_Assignment_
When you write out the listing, keep each word exactly as it stands but include none of its images.

_Data segment_
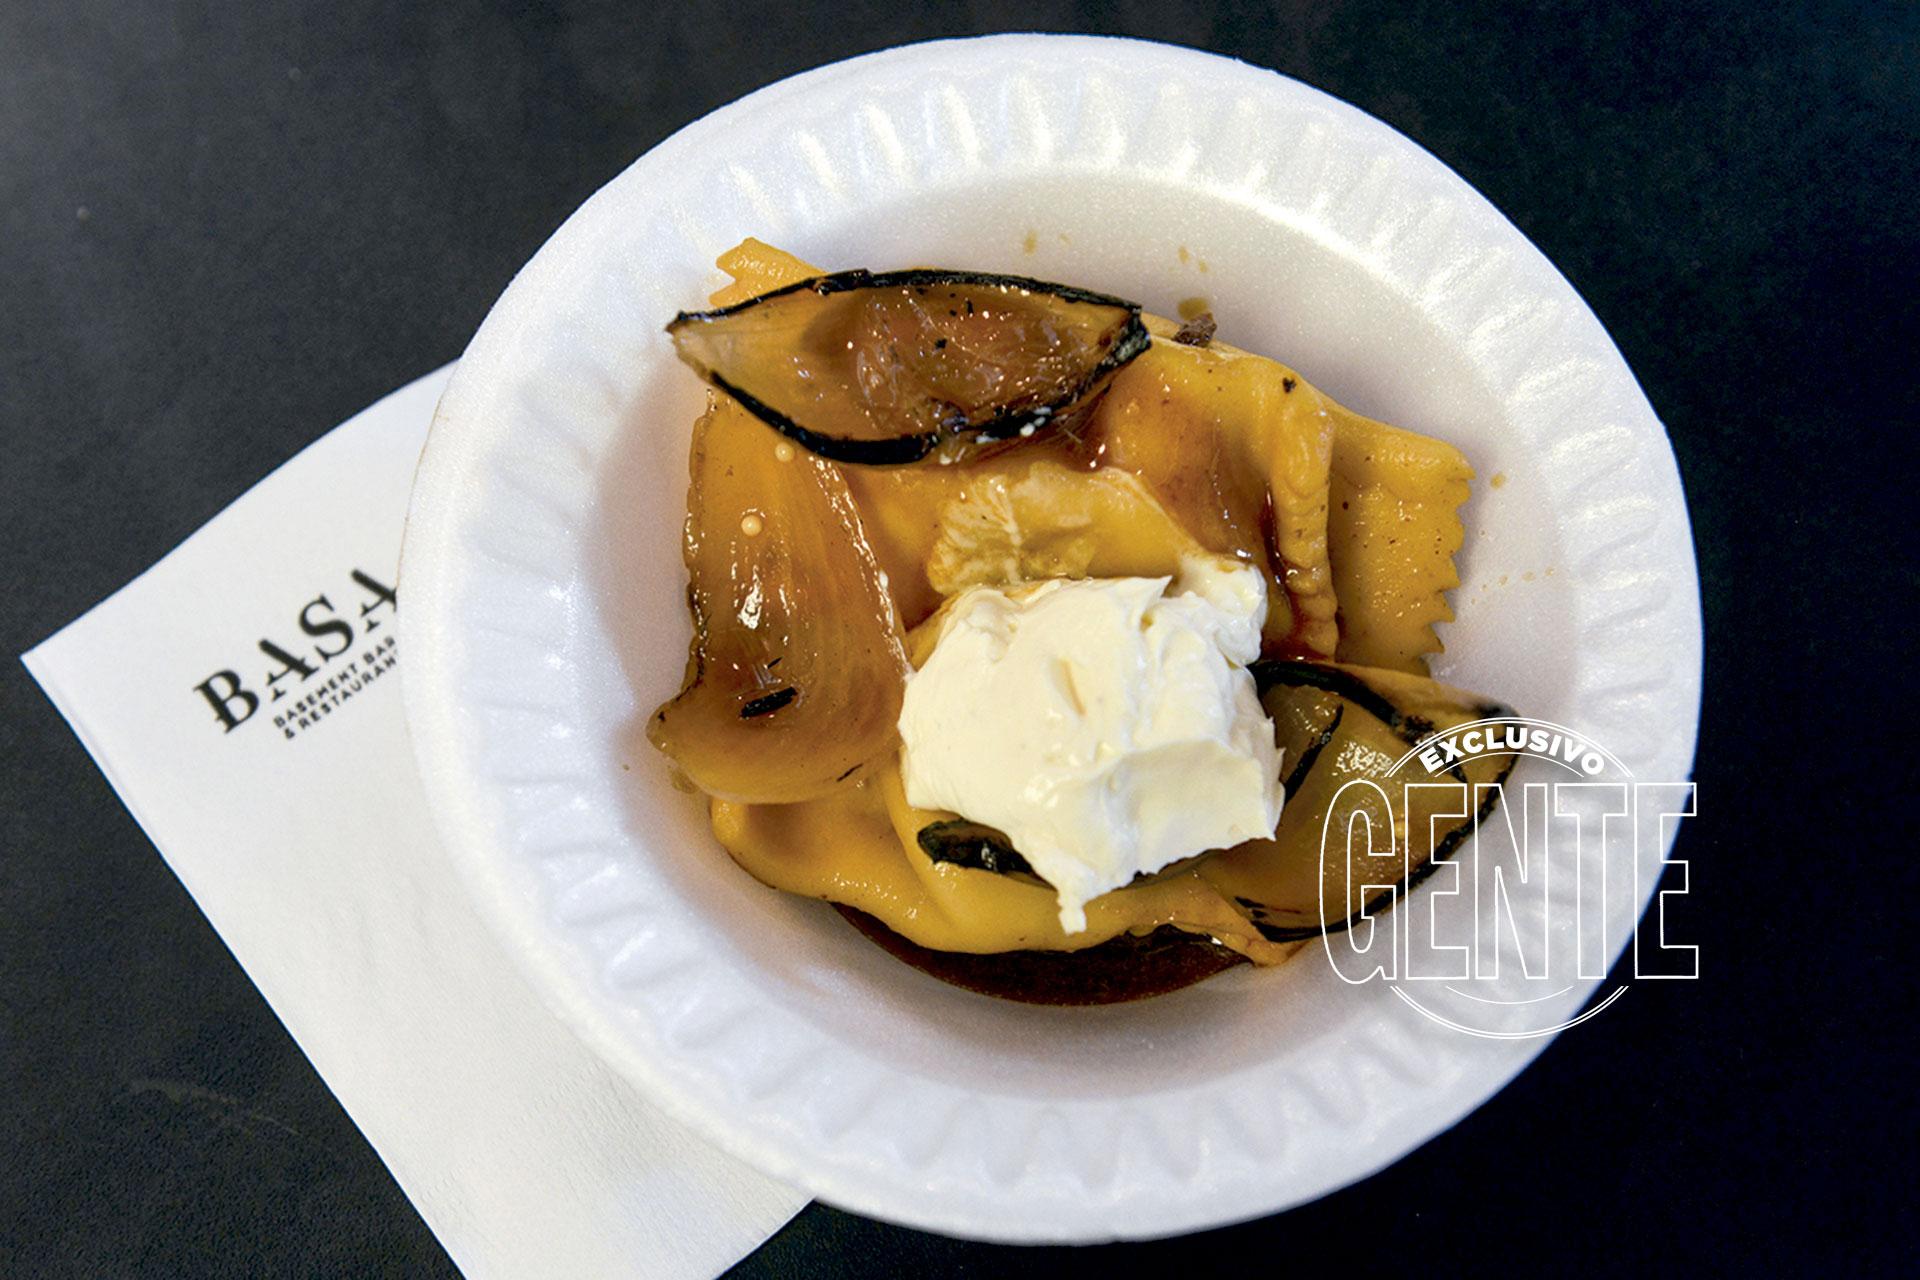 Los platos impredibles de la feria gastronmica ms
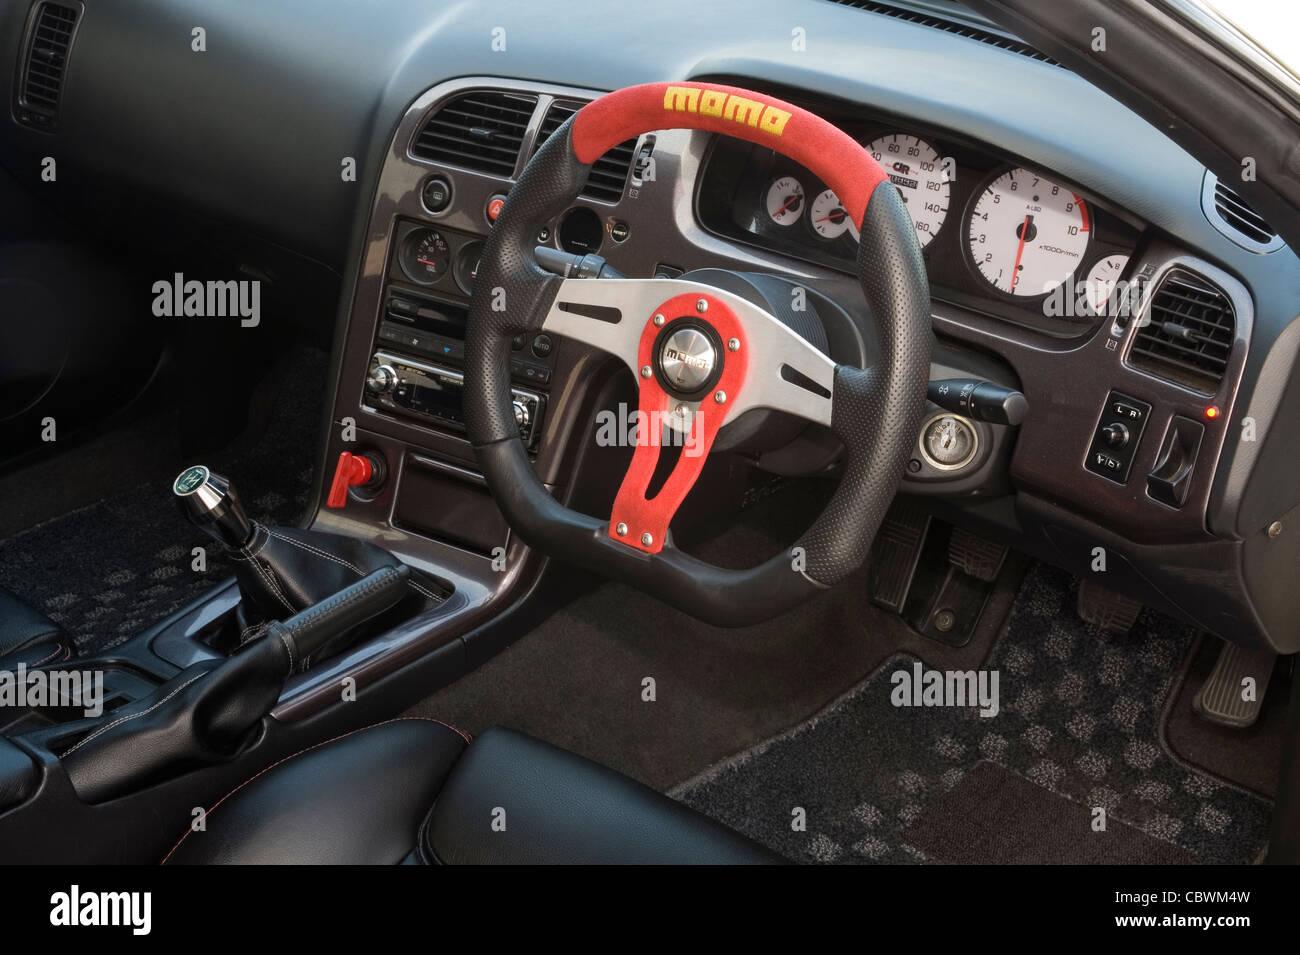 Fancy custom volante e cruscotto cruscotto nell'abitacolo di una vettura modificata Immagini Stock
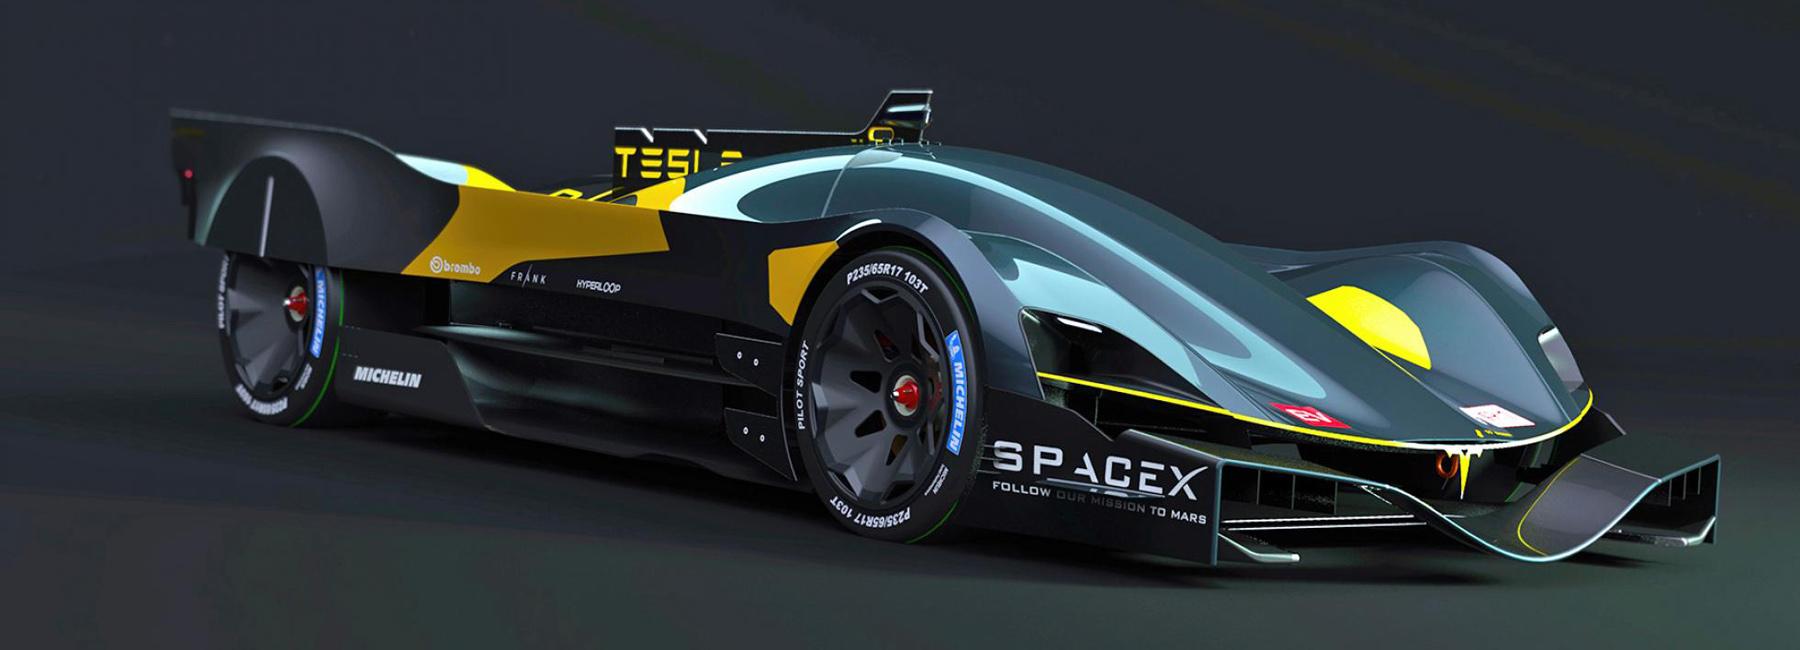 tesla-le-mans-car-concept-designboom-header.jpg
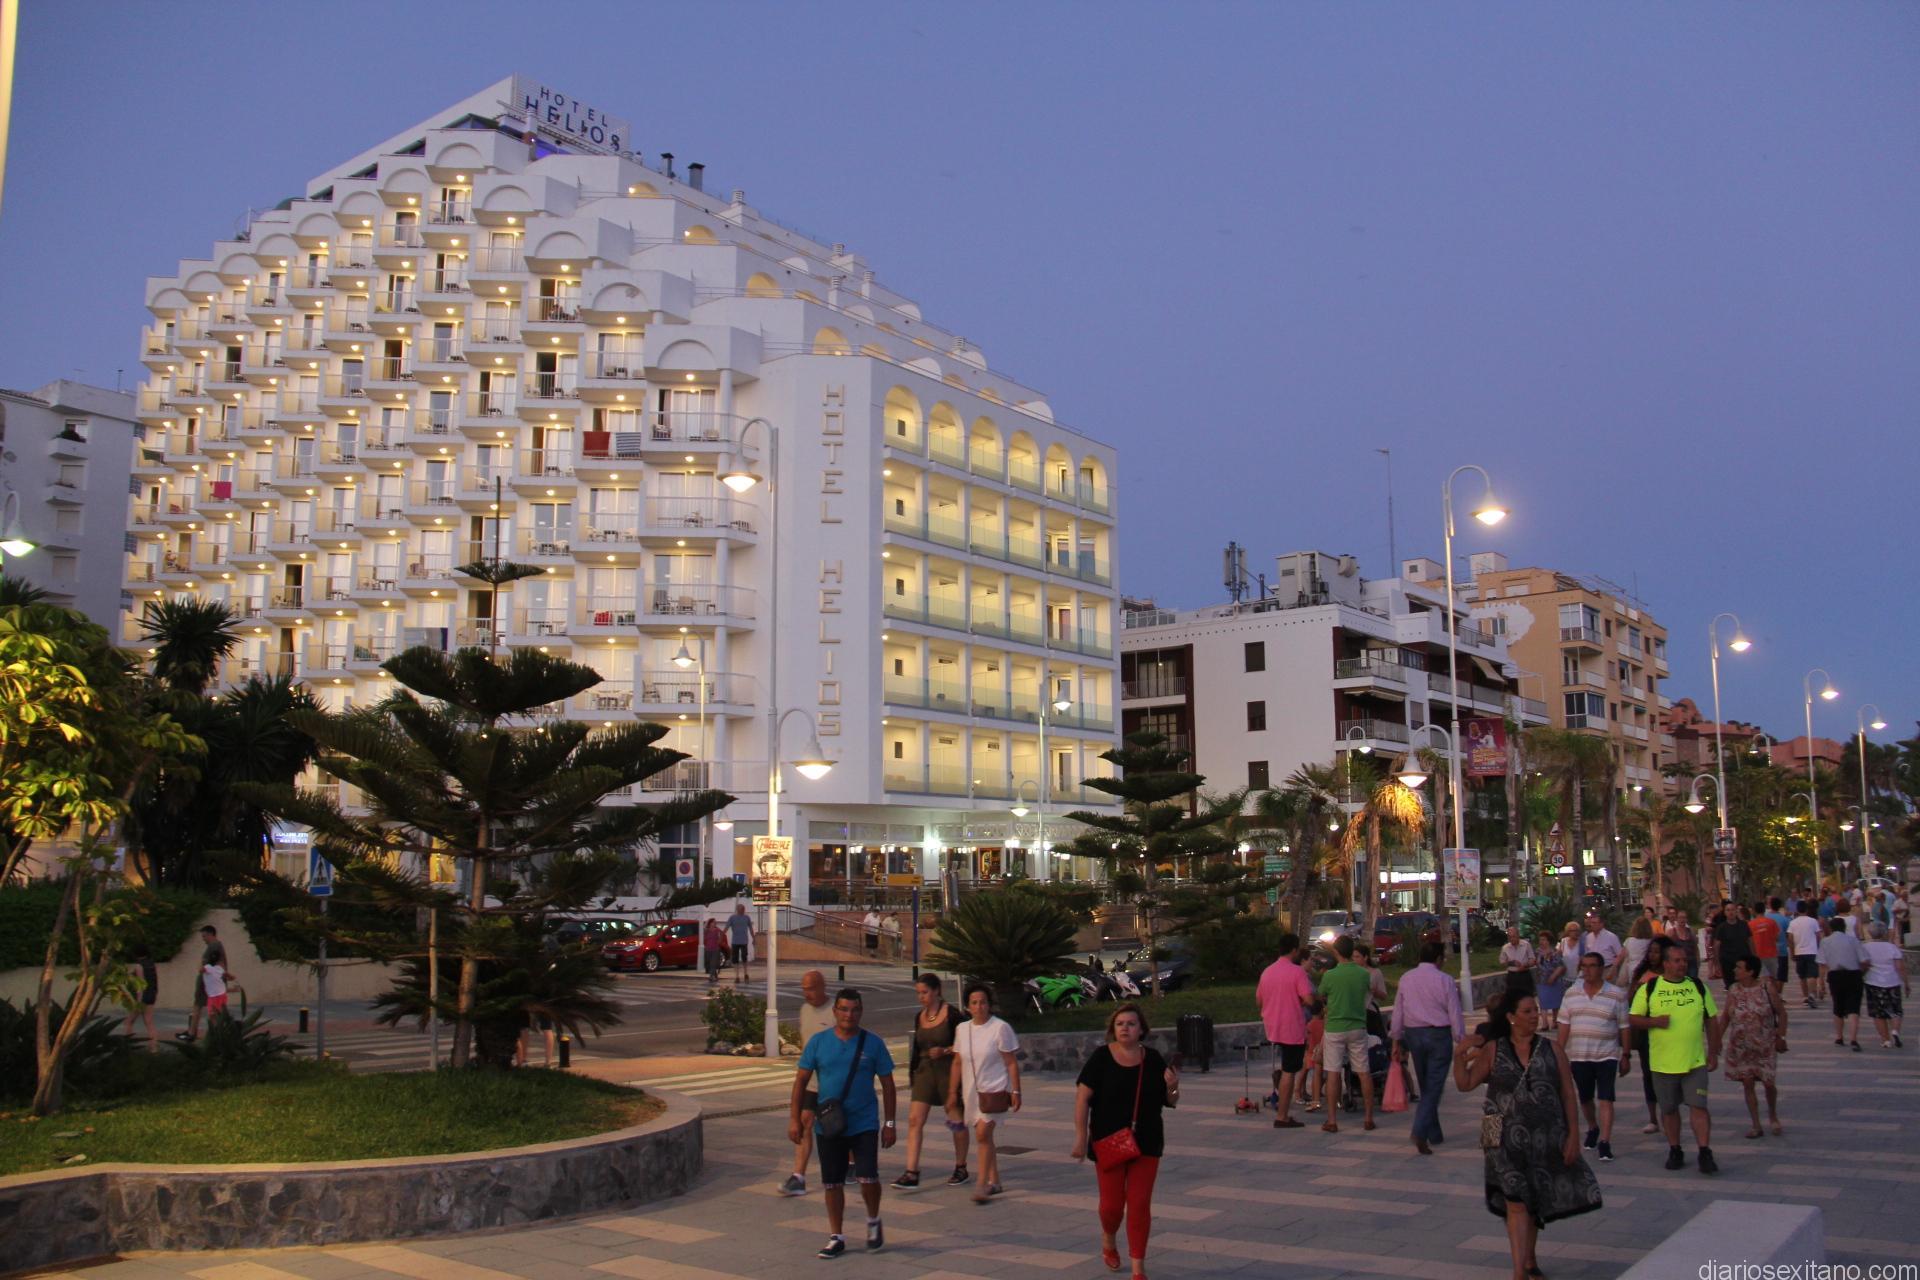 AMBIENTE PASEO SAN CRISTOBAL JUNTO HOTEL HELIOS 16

_Output_
 Los platos impredibles de la feria gastronmica ms
 Fancy custom volante e cruscotto cruscotto nell'abitacolo di una vettura modificata Immagini Stock
 tesla-le-mans-car-concept-designboom-header.jpg
 AMBIENTE PASEO SAN CRISTOBAL JUNTO HOTEL HELIOS 16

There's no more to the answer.